Saat itulah ia baru sedar betapa ia sudah begitu terlena gara-gara mendambakan asmara. Dan tiba-tiba ia pun menyesal karena telah menyia-nyiakan waktu untuk sesuatu yang tidak bermanfaat.
 “Wahai putra Mubarak yang tak tahu malu! Di malam yang begitu dingin engkau dapat tegak terpaku sampai pagi hari hanya untuk memuaskan hasrat peribadimu.

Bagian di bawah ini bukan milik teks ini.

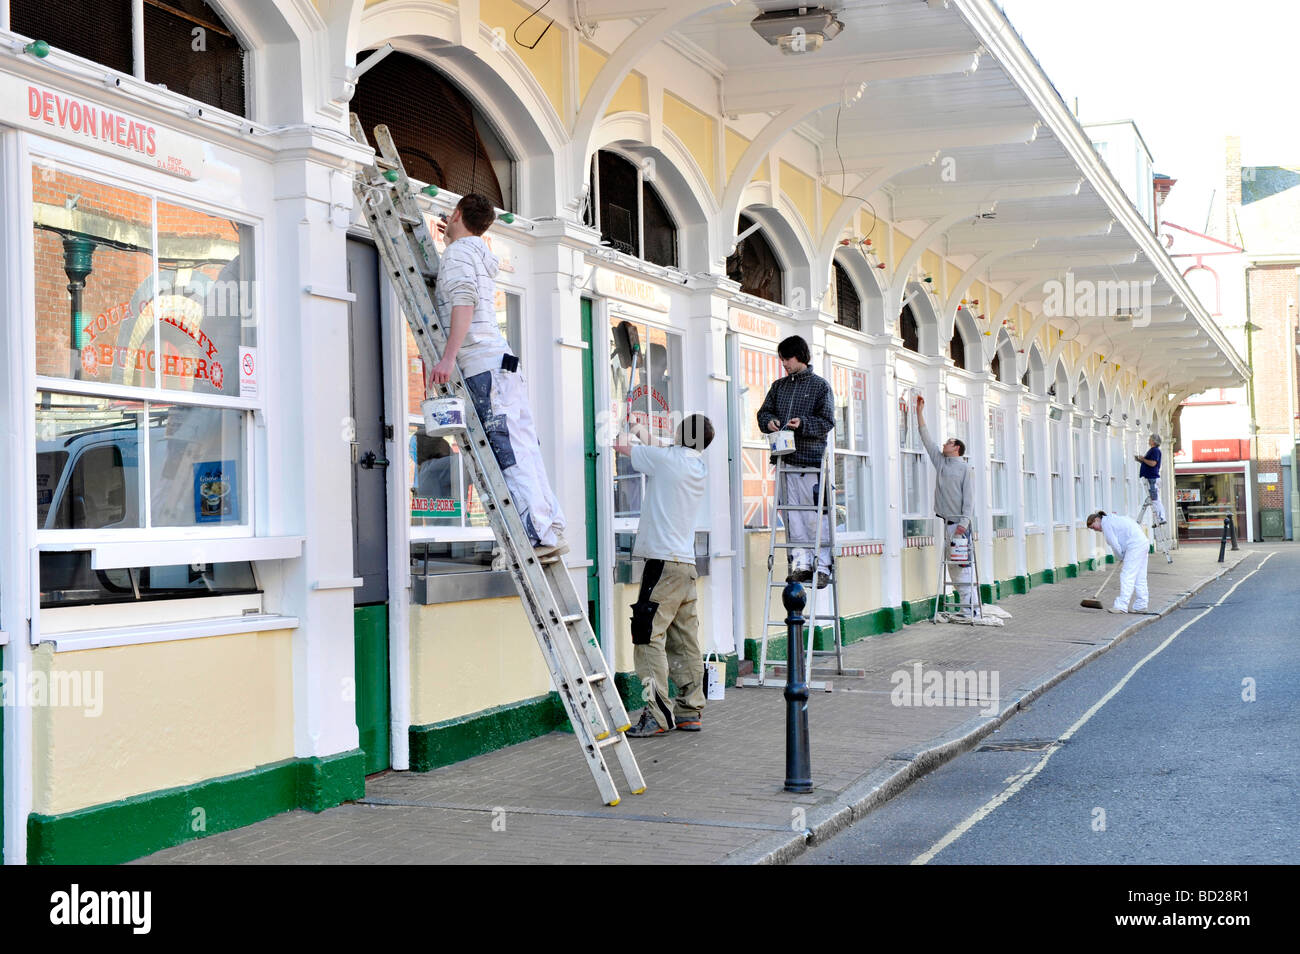 Historic Butchers row in Barnstaple Devon gets a paint makeover by workers in the build up to Easter Stock Photo

Tapi bila seorang imam membaca surah yang panjang, engkau malah gelisah bahkan kesal,” begitu bisik hatinya.
Maka sejak saat itu ia merasa seakan-akan telah mendapatkan cahaya Ilahi yang menyejukkan hati, dan sejak itu pula ia bertobat dan menyibukkan diri dengan beribadah kepada Allah SWT. Tidak ada waktu luang yang tak diisinya dengan ibadah. Suatu hari, ketika memasuki taman di sekitar rumahnya, ibunya melihat anaknya itu sedang tertidur di bawah serumpun bunga mawar, sementara seekor ular dengan bunga di mulutnya mengusir lalat yang hendak mengusik pemuda alim dan saleh itu.
Nama lengkap pemuda itu Abu Abdurrahman Abdullah bin Al-Mubarak Al-Handhali Al-Marwadhi. Ia lahir di Merv, Persia (Iran) pada 118 H / 736 M dari seorang ayah keturunan Turki dan ibu berdarah Persia.
Setelah bertobat, Abdullah bin Al-Mubarak meninggalkan Merv untuk berguru pada beberapa Syekh di Baghdad dan Mekah. Beberapa tahun kemudian ia pulang kembali ke Merv, disambut oleh warga kota dengan sangat hangat. Ia memang sosok ulama yang dapat diterima oleh semua kalangan, khususnya dua kelompok yang selalu bersilang pendapat: kelompok Sunnah dan Kelomok fikih.
Di kota kelahirannya itu, ia mendirikan dua sekolah tinggi, yang satu untuk golongan Sunnah dan satu lagi untuk golongan Fikih.
Belakangan ia kembali ke Hijaz dan Mekah dan menetap untuk kedua kalinya. Di Mekah selain menunaikan ibadah haji, juga berdagang, keuntungannya selalu ia bagikan kepada para pengikutnya dan fakir miskin. Ia biasa membagi-bagikan kurma kepada orang-orang miskin dan menghitung biji kurma yang mereka makan. Mereka yang makan kurma yang paling banyak diberi hadiah satu dirham untuk setiap biji.
 Al-Mubarak dikenal sebagai manusia yang selalu menjaga setiap amal perbuatannya dan selalu berusaha menjaga kesalehan.
 Suatu ketika ia bepergian dari Merv ke Damaskus hanya untuk mengembalikan sepucuk pena yang ia pinjam dari sahabatnya, yang ia lupa mengembalikannya. Di lain waktu ia pergi ke masjid untuk shalat, sementara kudanya yang mahal ia tambatkan di depan masjid. Setelah shalat, kudanya hilang.
 Ia pun bertanya kepada seseorang di pelataran masjid, “Apakah engkau melihat kudaku?” jawab orang itu, “Tadi kulihat kudamu menerobos ke sebidang ladang Gandum.”
 Ia pun lalu meneruskan perjalanan dengan berjalan kaki. Dalam hati ia bergumam, “Kudaku pernah mengganyang gandum di kebun orang, biarlah si kuda itu diambil si pemilik kebun sebagai pengganti dari gandum yang dimakannya.”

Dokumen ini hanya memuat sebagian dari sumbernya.